Другими словами, Тиндаль понимал, что строго материалистический подход к объяснению сознания никогда не сработает. Мы можем идентифицировать физиологическую активность, связанную с чувством, локализованную в определенных или объединенных областях мозга. Мы можем идентифицировать не только возбуждение нейронов, но и химические вещества, перетекающие из точки А в точку Б по мере того, как ощущается чувство. Но такие научные описания явления все равно не осветят самого ощущения.

Пробел в нашей аргументации

Здесь чего-то не хватает, пробела в нашем объяснительном аргументе, который не может связать физико-химические явления с невыразимым опытом ощущения чего-либо. И это не должно быть чем-то таким возвышенным, как любовь или религиозный экстаз. Можно пнуть камень, так как можно определить области мозга, связанные с болью, но нельзя понять, как возбуждение конкретных нейронов приводит к возникновению боли или почему одни виды боли вызывают у вас слезы, а другие нет. т, будь боль физическая или эмоциональная. Это то, что Чалмерс называет «трудной проблемой».

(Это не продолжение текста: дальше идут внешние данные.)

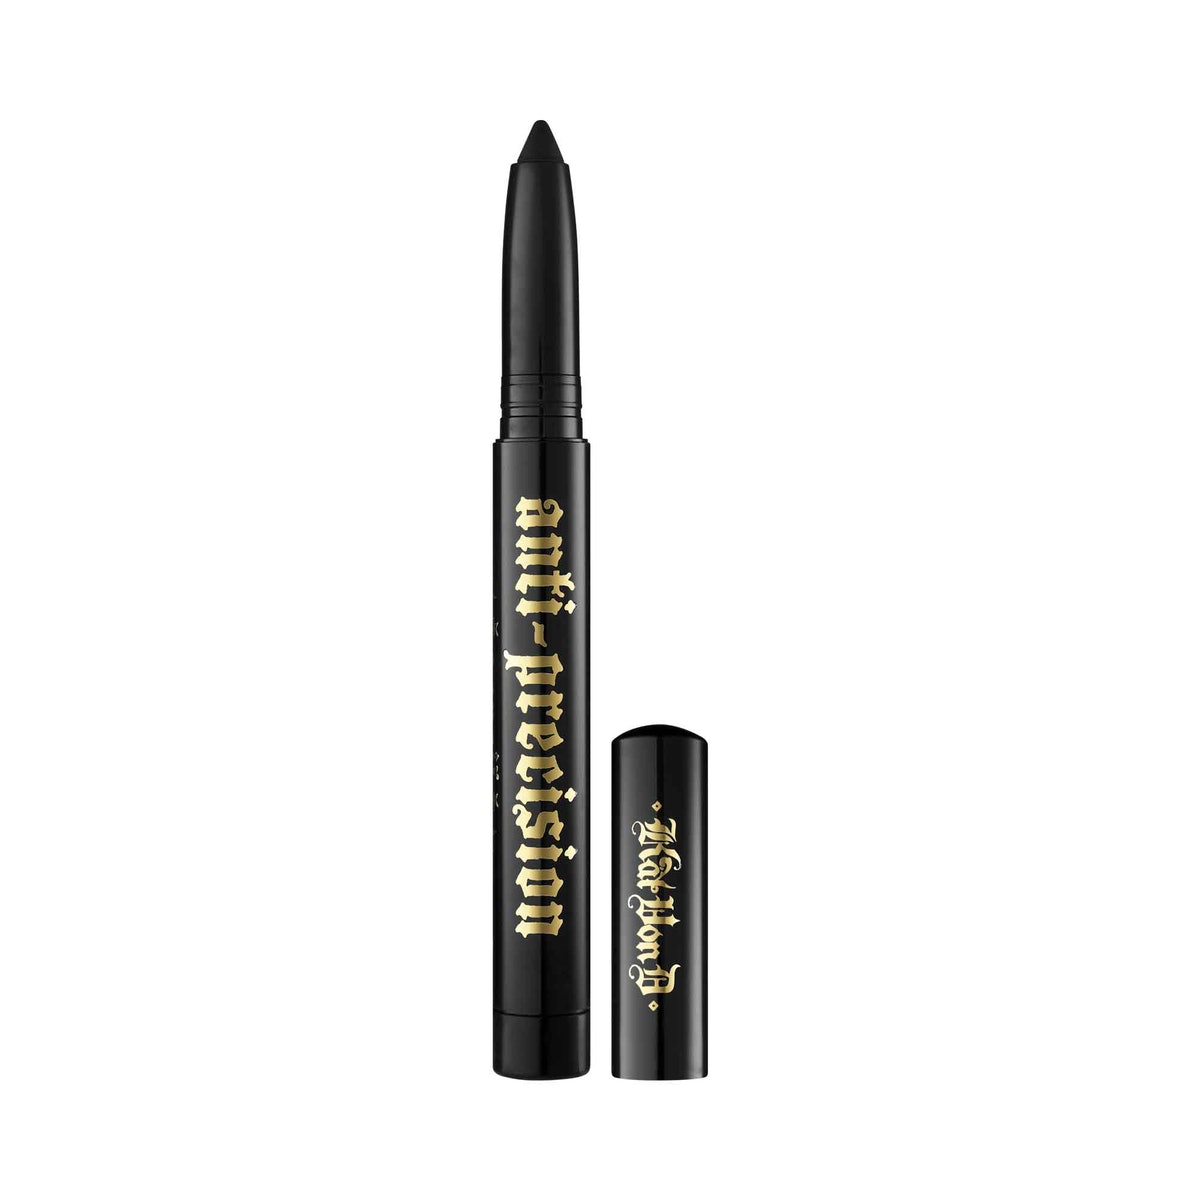 Kat Von D Beauty Anti-Precision Pencil Eyeliner
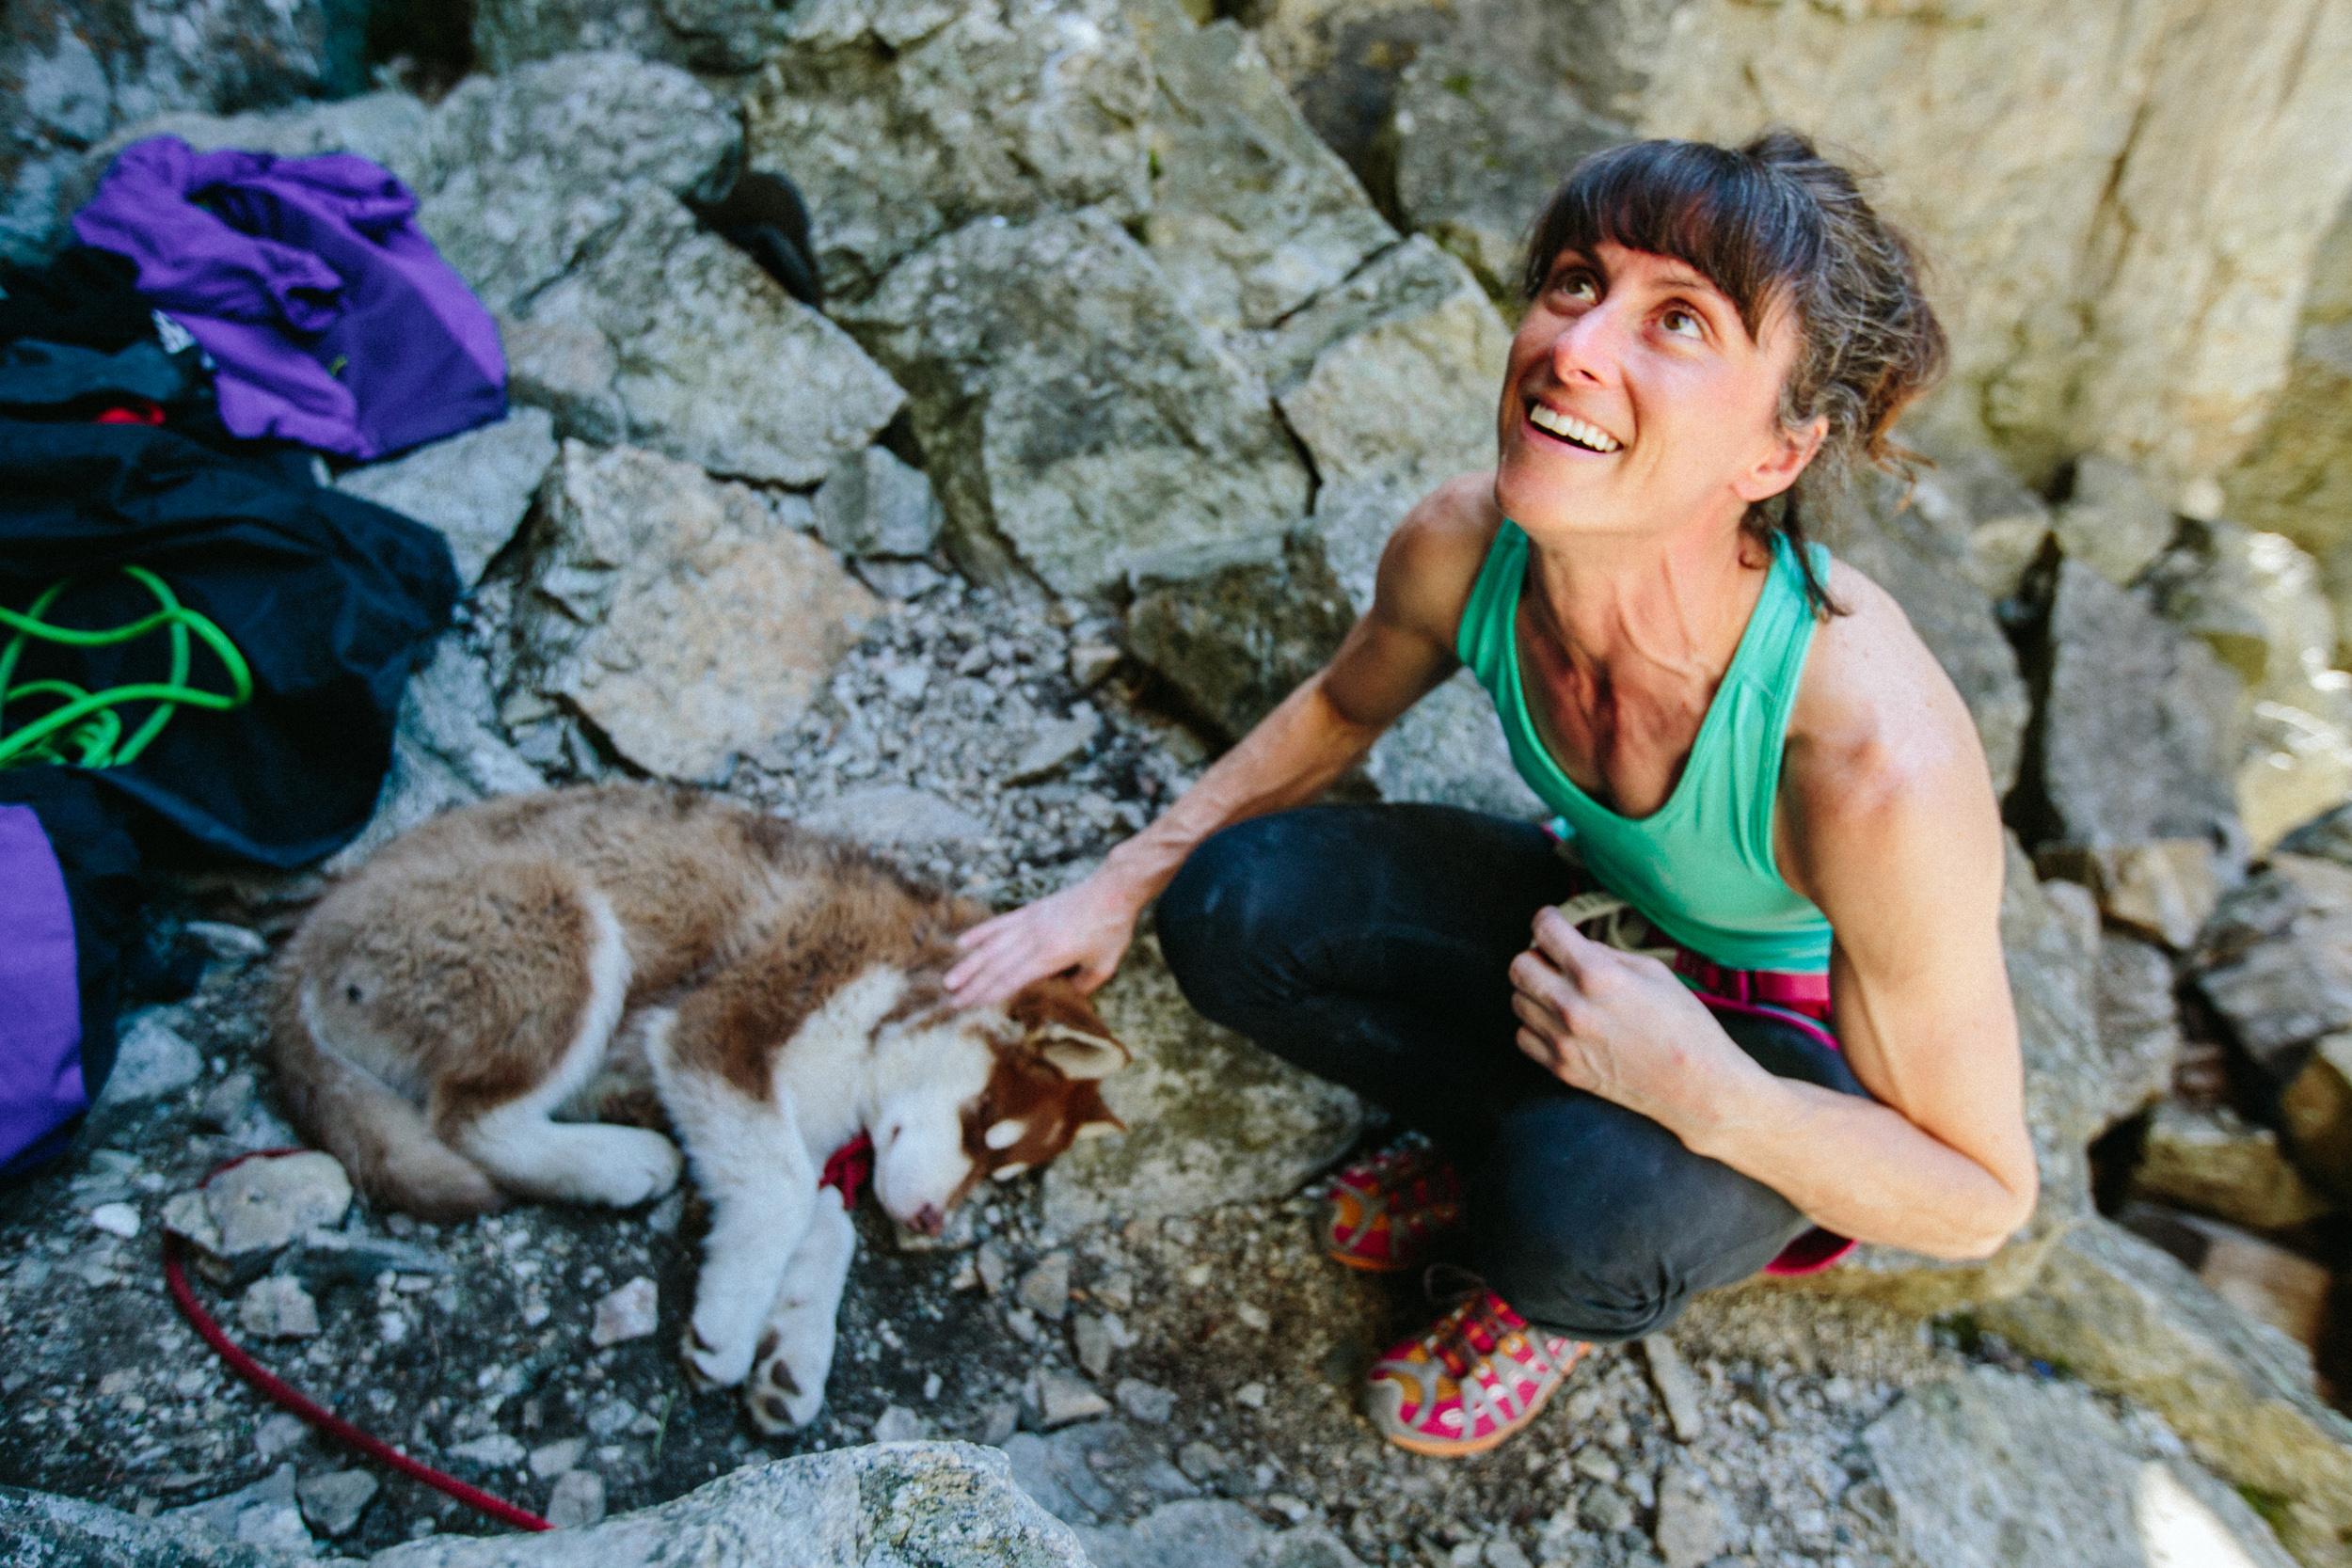 14robb-thompson-skaha-climbing-sarah-leanne-hart-.jpg

Строгий редукционистский подход, основанный на восходящей методологии, упускает из виду что-то существенное в том, что происходит на самом деле. Дело не в том, что наука никогда не сможет понять разум или что проблема понимания разума заключается в том, что мы не можем выйти за его пределы. Проблема в том, что такой подход, ориентированный на локальные причинно-следственные механизмы внутри мозга и на нейроны, возбуждающиеся в их синаптических связях, обречен на провал.

Разум - это вызов, потому что он работает скорее как город, чем домохозяйство, с несколькими сетевыми связями, резонирующими в разное время и с разными подгруппами узлов, так что понимание поведения отдельных людей или даже более мелких группы не расскажут всей истории о том, что происходит. Ни один подход не может охватить все, что происходит во времени в таком большом городе, как Нью-Йорк или Рио, даже если город состоит из небольших районов, а эти районы состоят из нескольких человек. Можно запечатлеть определенные массовые события, такие как движение в час пик или фестивали, парады или концерты под открытым небом, но не общее поведение города. Вы можете описать город, его окрестности и музеи, его историю, но не объяснить ее, по крайней мере, каким-то четким детерминированным образом. Как однажды заметил лауреат Нобелевской премии по физике Фил Андерсон: «Больше - другое дело».

Чего не хватает

Чалмерс предполагает, что отсутствует какое-то новое физическое свойство, каким-то образом связанное с активностью мозга. В недавней беседе в подкасте Mindscape физика Шона Кэрролла Чалмерс использовал аналогию с попыткой объяснить электромагнетизм без концепции электрического заряда. Вы просто не можете этого сделать. Добавление заряда как нового свойства некоторых частиц материи открывает совершенно новую вселенную объяснения, которая охватывает многие виды явлений. Возможно, предполагает он, это то, что нам нужно для объяснения сознания, нового онтологического игрока, столь же фундаментального, как масса и заряд. Возможно. К сожалению, никто не знает, что это может быть.

Пока бушуют дебаты, Чалмерс недавно опубликовал новую статью, предлагающую сверхпроблему сознания, которую он называет «метапроблемой сознания». По сути, метапроблема заключается в том, почему мы задаем вопросы о проблеме сознания. Что такого в нашем сознании, что заставляет нас задуматься о его природе? В каком-то смысле это связано с легкими задачами, учитывая, что это связано с поведением. Метапроблема связывает три проблемы сознания в органическое целое. Например, можем ли мы теперь сказать, что только полностью развитое сознание способно ломать голову над его существованием? На этом ли уровне самосознания мы можем приписать ИИ сознание?

Чалмерс предполагает, что метапроблема поддается научному исследованию, и тщательно рассматривает несколько путей ее эмпирического изучения. Я надеюсь, что коллеги по изучению разума отнесутся к этому серьезно.

Возможно, после тысяч лет спекуляций эти усилия прольют некоторый свет на тайну сознания. Возможно.